The center must improve financial management and controls, according to the report, which also recommended that 'management track and monitor purchases for items that are easily convertible to ensure the continued custody and proper use of the item.'

The report also suggested that managers keep receipts for all purchases and document the business purpose for each expenditure and recommended creating a new policy that strictly prohibits taking payroll draws or borrowing from petty cash.

Among other notes:

'Some purchases were made for food and did not have a documented business purpose. As WFMC is funded with public funds, it should ensure that any food purchases are necessary and meet with state statute.'

'One employee has not paid the correct amount for their share of the insurance premium,' and their share must be withheld from their paychecks.

'Finally, due to the significant weaknesses identified in the control environment, the WFMC management should communicate the intended changes in its controls and formally report to the city of West Linn and (the) city of Oregon City management of the actions it will take to resolve the issues,' the report states.

Cities seek tighter controls

West Linn officials have wrestled for tighter financial management at WFMC for several years, although the battle heated up in 2009, when the city proposed paying fees for services used rather than a set proportion of funds.

Today, Oregon City and West Linn each funnel a percentage of franchise fees from Comcast to the cable station, typically about $100,000 each. That makes up about two-thirds of the studio's income, with the remainder coming from contracts with other government agencies and from equipment rentals and production fees.
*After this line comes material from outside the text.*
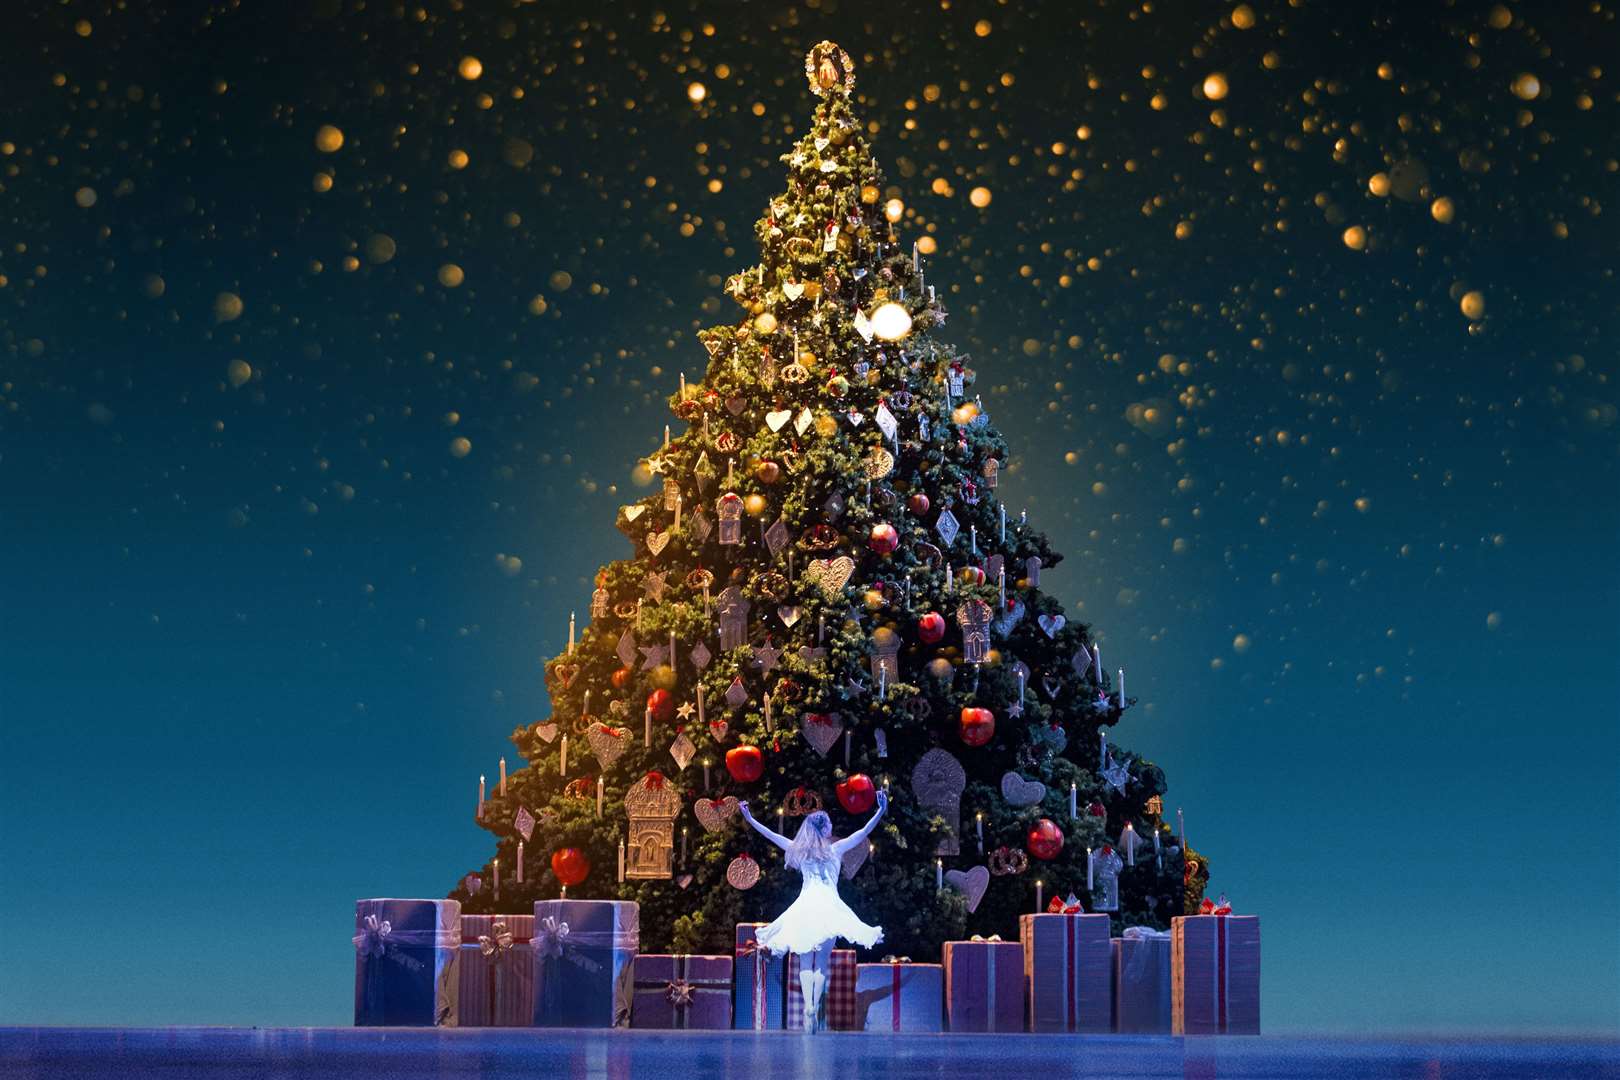 A family favourite at Christmas time, the Nutcracker is regarded as one of the most delightful ways to discover the enchantment of ballet.

Officials have called for improved financial controls and business practices over the past year.

Kirsten Wyatt, assistant city manager in West Linn, said city leaders are now considering the creation of a new Willamette Falls Media Center and Clackamas Cable Access Board oversight committee, made up of Oregon City and West Linn's city managers or their designees.

'Creating an oversight committee creates a structure in which the cities can take some steps to deal with these issues,' Wyatt said. 'Our intent is not to take over complete power but to make sure there are defined rules and responsibilities between financial oversight and management.'

She wasn't sure whether anyone would be asked to pay back studio money spent without a documented business purpose or backed up by receipts.
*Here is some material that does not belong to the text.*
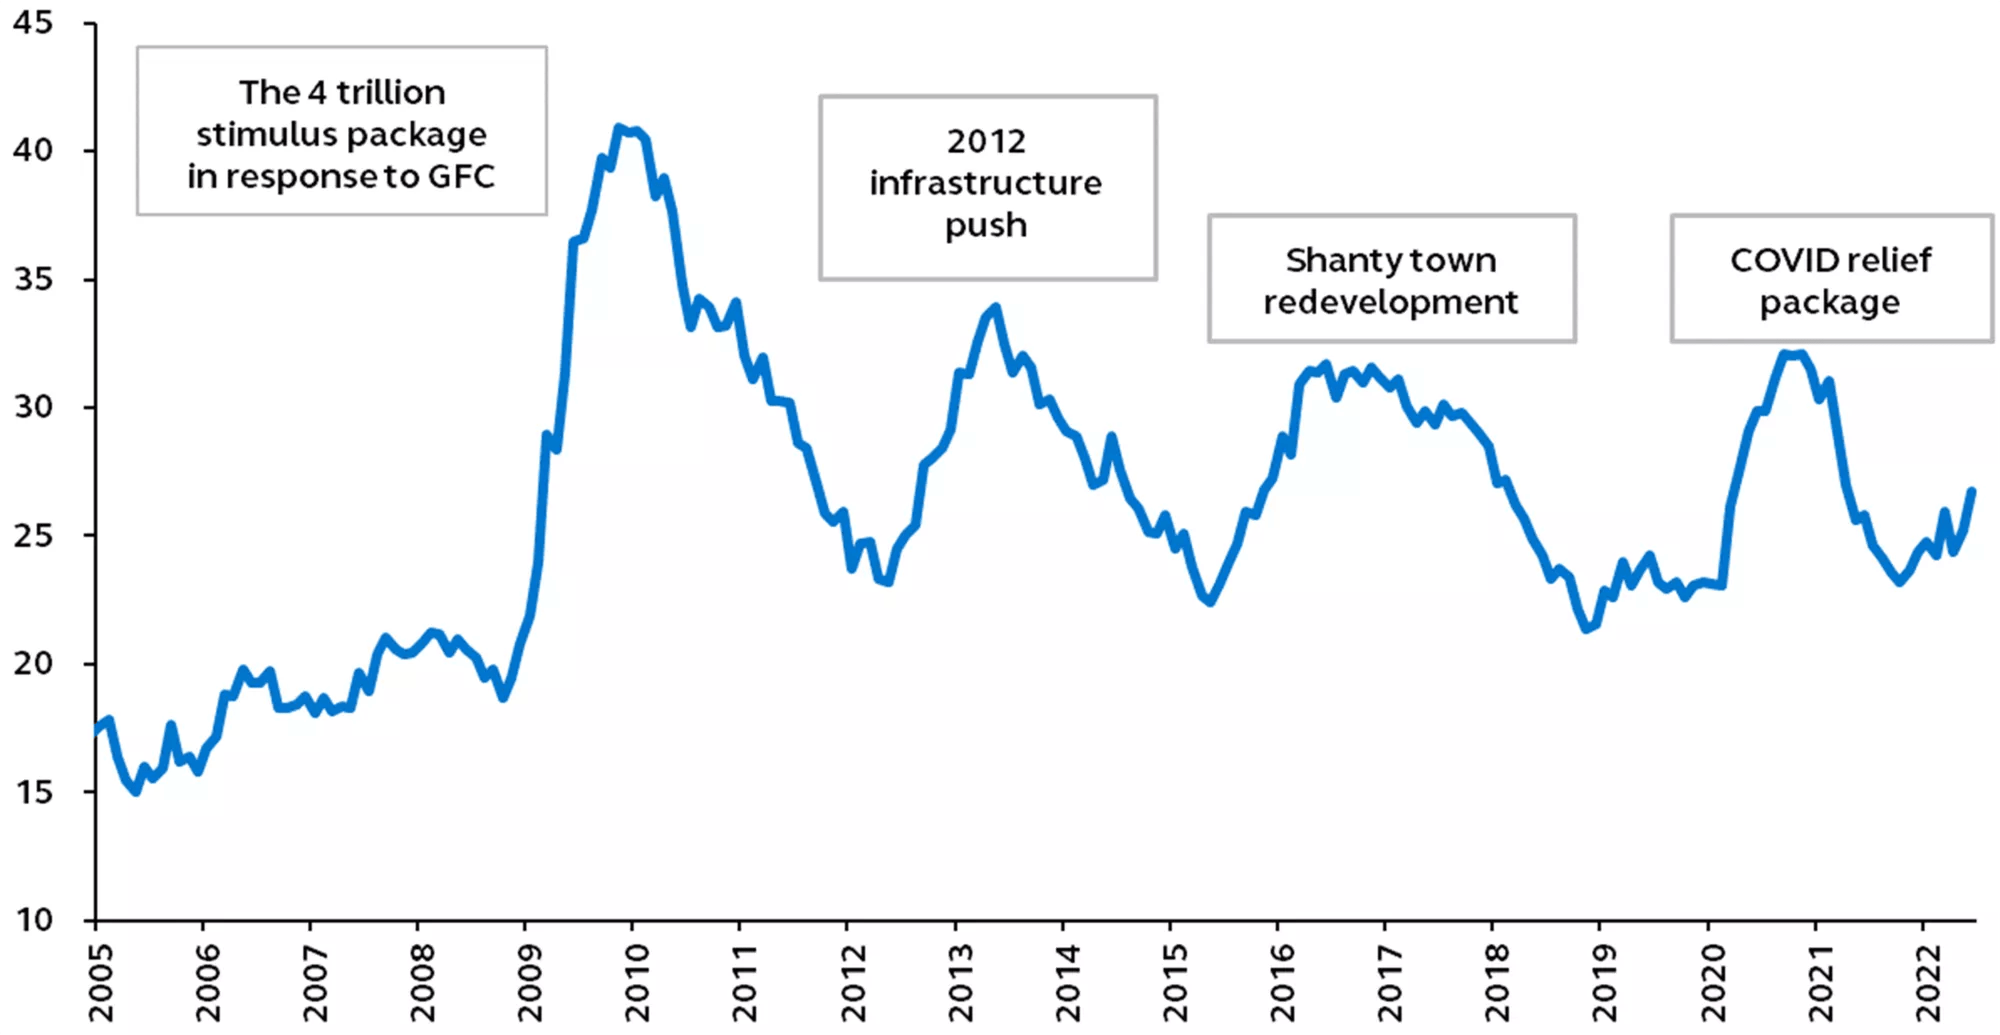 China credit impulse index from 2005 to present

And though Wyatt said she felt many problems noted by the audit 'are explainable or understandable,' the report is 'very concerning, especially considering that guidance has been given on how that could have been avoided.'

'In light of that, it's worrisome the professionalism of our two cities was apparently ignored,' she said. 'If that sort of thing were to happen at that scale in our organizations, there would be some very direct lines of accountability.'

But Holladay, of the cable access board, wasn't sure the oversight committee is the solution.

The West Linn City Council has approved the new committee, and Oregon City leaders will vote on the proposal.

'Certainly the board feels there needs to be some changes in the way the finances are handled, and the policies and procedures Moss Adams recommended are certainly appropriate and need to be initiated,' he said. 'I'm not certain that city managers taking over studio management is the best way to go about that.'

Holladay questioned whether studio managers would then be considered public employees, and in that case they could be eligible for expensive public employee benefit programs.

More importantly, he said, a board separate from Oregon City and West Linn has long operated Willamette Falls media and done so successfully.

'I believe it should continue to operate that way,' he said.